Finally, we need to add some commands. There are already three commands provided in the cs1705.adventure package that we can use.

    public void createCommands()
    {
        CommandWords commands = parser().commandWords();
        commands.addCommand( "go",   new GoCommand() );
        commands.addCommand( "help", new HelpCommand( commands ) );
        commands.addCommand( "quit", new QuitCommand() );
    }

Now try compiling your game subclass. You can run your game by creating an object from your subclass on the object bench, and then running its play() method. Type your commands into the terminal window. It's pretty boring, but it will get you started.
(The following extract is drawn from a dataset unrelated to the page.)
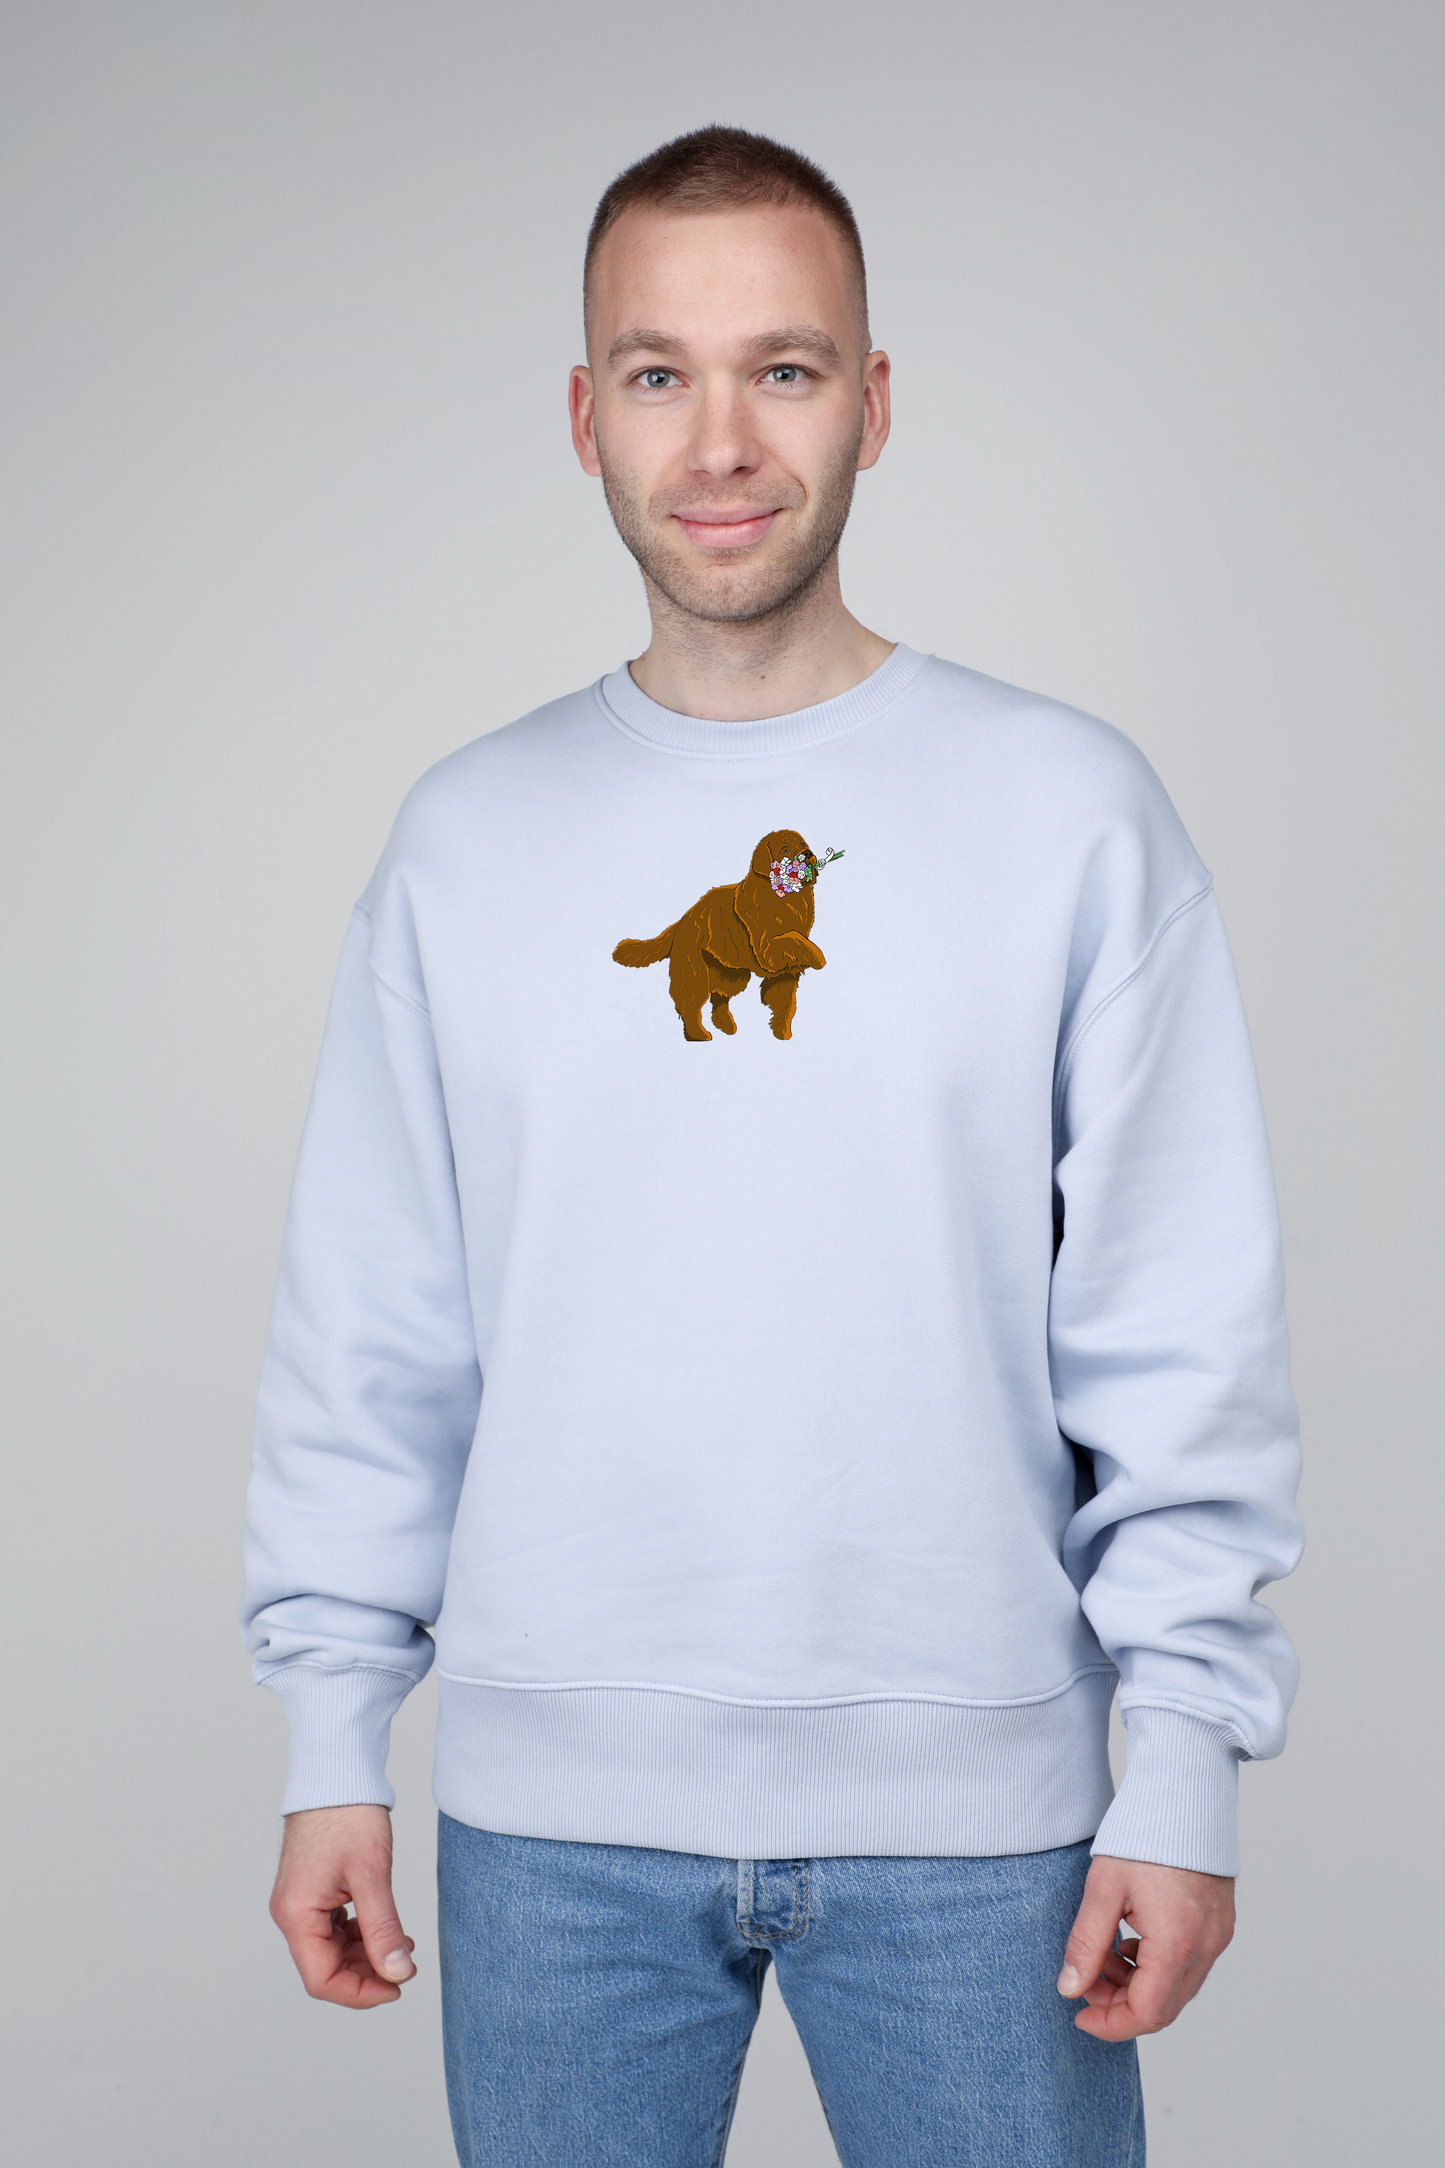 Giant dog with flowers | Crew neck sweatshirt with dog. Oversize fit | Unisex by My Wild Other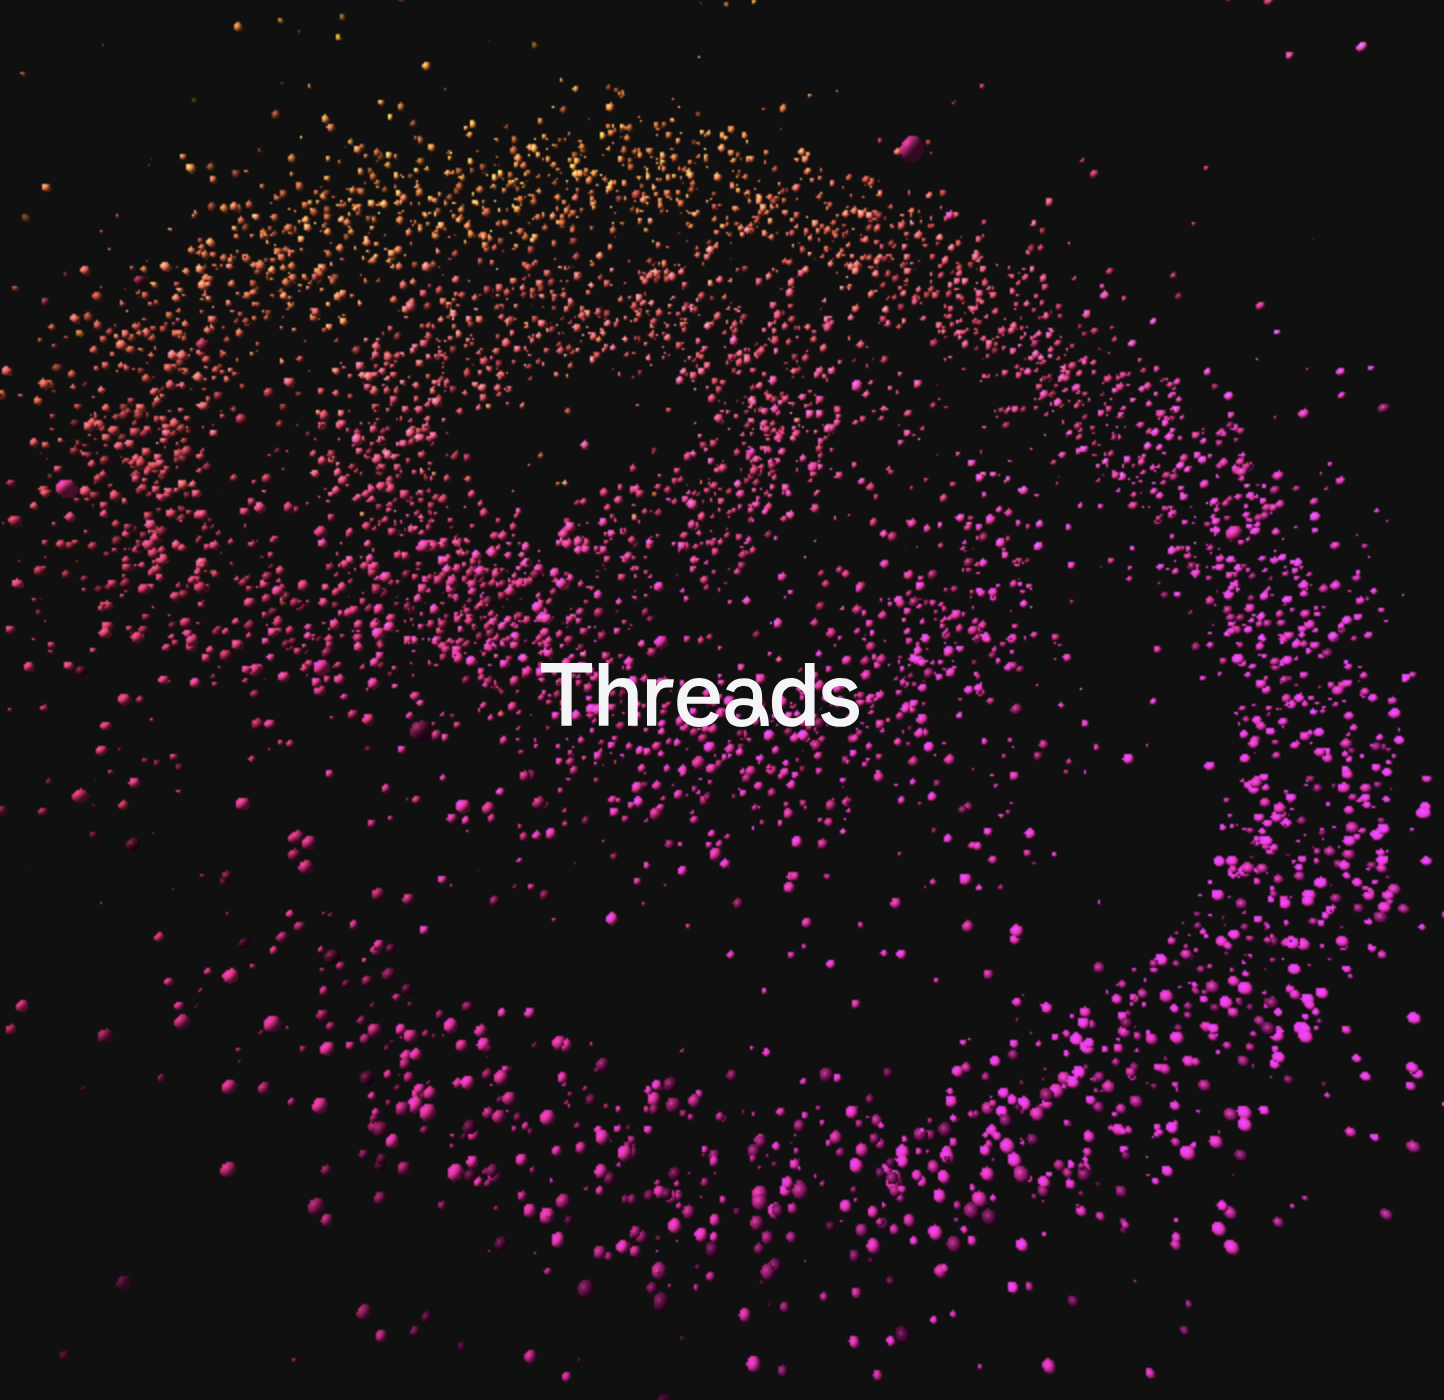 Meta Unveils 'Threads', an Instagram-Powered, Text-Based Social App Set to Rival Twitter

Chapter 7 also tells us how to run complete Java programs from outside of BlueJ. Add the following method to your game subclass:

    public static void main( String[] args )
    {
        Game game = new BoringGame();
        game.play();
    }

You should now be able to play your game from a windows command prompt window. Just change directory to your project directory, and then execute the following from the command line (assuming BlueJ was installed in C:\BlueJ --adjust the path if you installed at a different location):

    java -cp .;C:/BlueJ/lib/cs1705.jar BoringGame

Note that the name on the end of the line is the name of your game subclass. When you run a program this way, java will look for a public static void method called main() in the class you named on the command line, and then execute that method. As you can see above, our main() method simply creates a new game object (the way you did on the object bench) and then calls its play() method.

Now that we've discussed the basics of implementing a rudimentary game, you should probably "warm up" by making some basic changes and extensions. For example, you can:

• Change the description of a location to something different.

• Change the exits of a location: pick a room that currently is to the north of another room and put it to the west, for example.

• Add a room (or two, or three, ...).

• Add a new command: say, the command "north" that makes you walk to the north.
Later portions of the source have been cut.